P. Adolfo Franco, S.J.
Lucas 7,36-50
La humildad y el amor acercan al perdón que Jesús da.
Esta es la historia de una persona que, fatigada de una vida tan vacía de valores y tan llena de males, busca con afán ser salvada y que al fin encuentra un Salvador. El Evangelio de hoy nos narra así la transformación del corazón de esta pecadora, al entrar en contacto con Jesús.
Pero todo sucede porque la mujer, sin duda inspirada por Dios, primero reconoce que es pecadora, que su vida no está bien. Y esto es sumamente importante, porque muchos no se transforman porque estando en el barro, no reconocen que el barro es sucio, y piensan que “todo está bien”. No se atreven a hacer una verdadera exploración de sus conciencias; y algunos incluso han ido más lejos, han invertido sus valores. Piensan que en sus vidas todo está bien, que no hay nada que cambiar.
La mujer que está a los pies de Jesús, no sólo reconoce el desastre que es su vida, hace mucho más: descubre además que sola no podrá cambiar, que necesita ayuda, y necesita que la transformen por dentro, y entonces sin titubeos y con gran valentía irrumpe en casa del fariseo, interrumpe el almuerzo de los comensales sin ningún temor, y se arroja a los pies de Jesús. Ahí en este Hombre especial ha descubierto la fuente de la paz, y el manantial de la pureza que a ella también la va a purificar.
Como está decidida a todo, con tal de salir de esa vida anterior totalmente enfangada, lleva consigo sus perfumes, sus adornos, sus besos, y con esos mismos objetos que le servían para adornar su pecado, ahora los va a utilizar para entregarlos en los pies del Señor; todo lo que antes era utilizado para pecar, ahora lo convierte en don y ofrenda para Dios. Por eso riega con lágrimas los pies de su Salvador, los llena de besos, los seca con sus cabellos, y los perfuma con su mejor perfume. Cuántos besos de esa mujer habían sido falsos, cuántas veces sus cabellos habían sido instrumento de seducción, y sus perfumes habían servido de corrupción. Todo eso, ahora va a servir para rescatarla, por el amor con que se entrega y con que suplica perdón.
En contraste con esta verdadera ofrenda, de este acto de amor puro y ardiente, está la actitud del fariseo; y Jesús se lo reprocha, ya que el fariseo muestra su peor faceta, la de juez implacable que condena sin conocer lo que hay en el corazón de esta mujer. Y por eso se escandaliza y piensa “si éste fuera profeta sabría qué clase de mujer es la que le está tocando”. Jesús ante esta condena de una mujer que busca purificarse, sale en su defensa y reprocha al fariseo: Tú has sido poco considerado como anfitrión, no me has dado agua para lavarme los pies, no me has dado el beso de saludo, no me ungiste con aceite.

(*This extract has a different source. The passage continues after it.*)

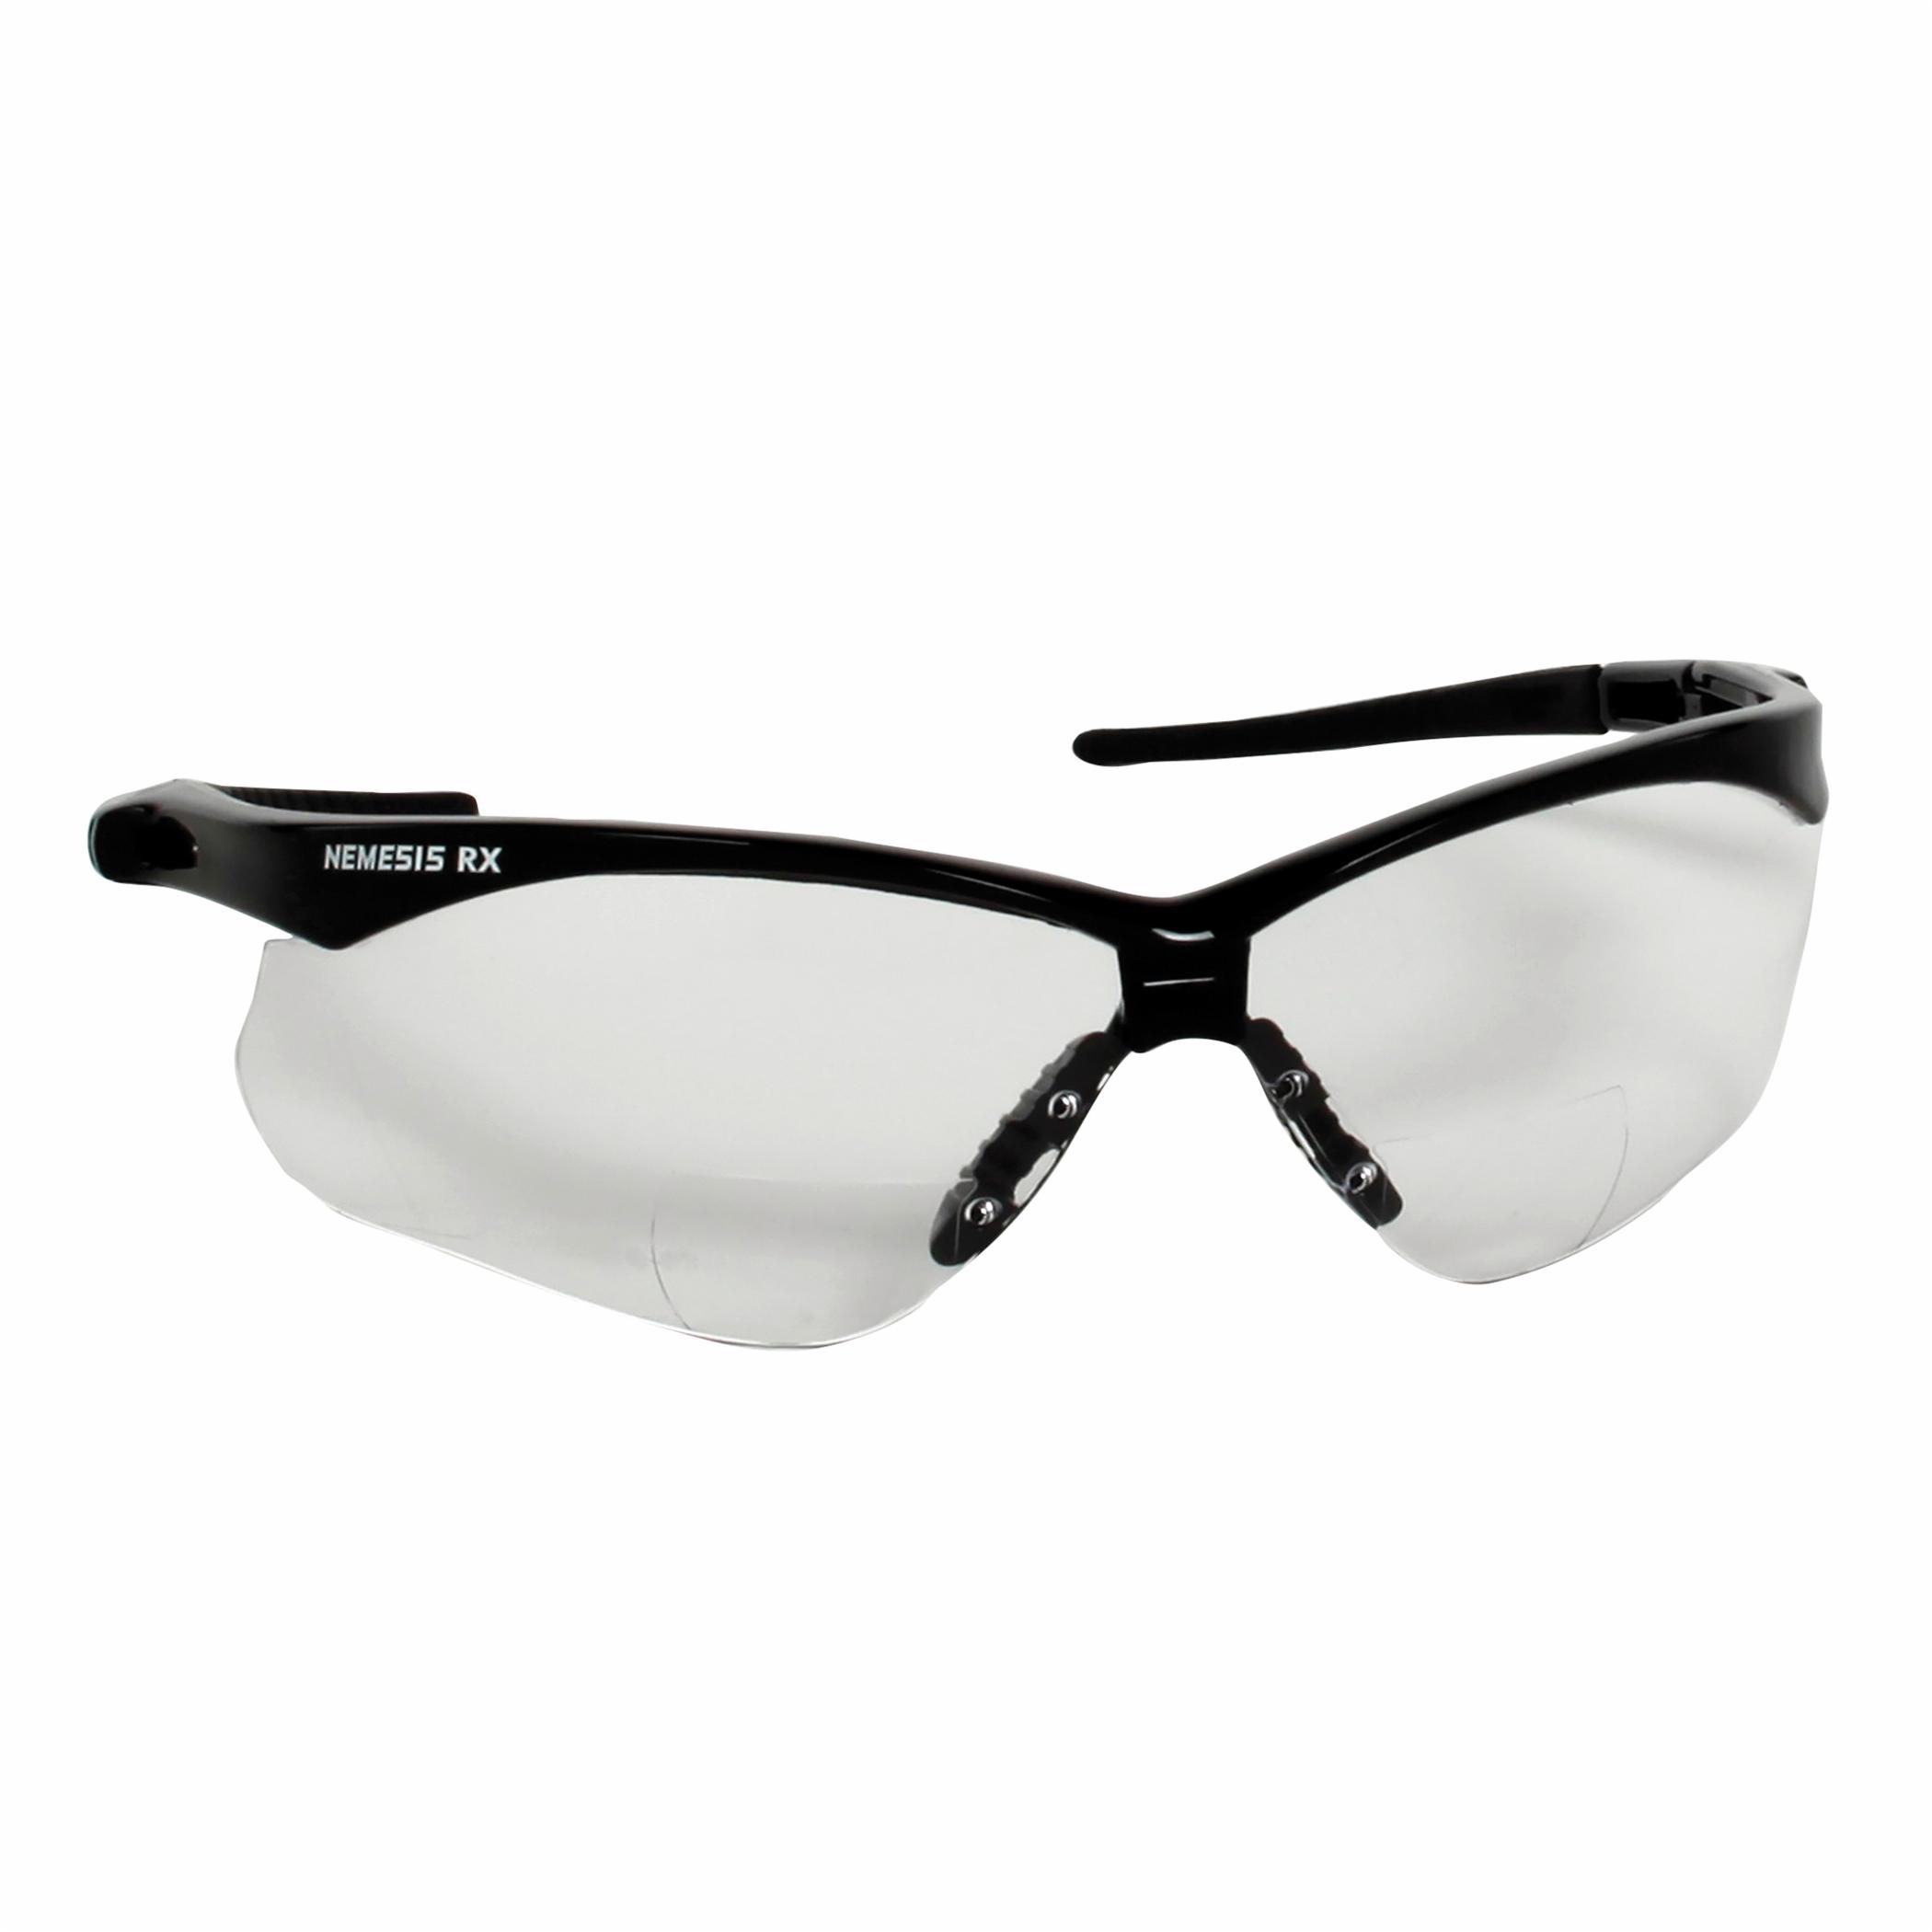 Bouton® 250-27-0125 Zenon Z12R™ 1-Piece Bi-Focal Lens Safety Reading Eyewear, 2.5 Diopter, Gray Lens, Polycarbonate Frame, Yes UV Protection, ANSI Z87.1+/Z87.1-2015

Es bueno reflexionar en el contraste de estas dos personas: el aparentemente bueno, que es simplemente el cumplidor mecánico de unas reglas religiosas, pero en las que no pone su corazón, y la pecadora que ha quebrantado gravemente los mandamientos de Dios, pero que ahora entrega su ofrenda y su vida a los pies de Jesús. Y, ante este ejemplo, la reflexión nos podría llevar a pensar, cómo deberíamos hacer cada uno de nosotros para entregar todo a los pies del Señor: nuestras lágrimas, nuestro perfume, nuestros besos. Todo absolutamente todo, convertirlo en ofrenda para el Señor, como señal de nuestro amor.
El camino de la conversión es el amor, por eso el Señor le dice al fariseo, que a esta mujer se le ha perdonado mucho porque ha amado mucho. Este amor debe ser auténtico y se muestra en la donación de todo. Hay que darse totalmente para mostrar el amor: el amor hay que manifestarlo con las obras.
Con todo esto el Señor nos deja una afirmación importante para nuestra vida frágil de caídas y pecados: Jesús puede perdonar los pecados. Por eso el final de la narración queda subrayado por esa pregunta que se hace la gente que participaba del banquete: «¿Quién es éste que hasta perdona los pecados?»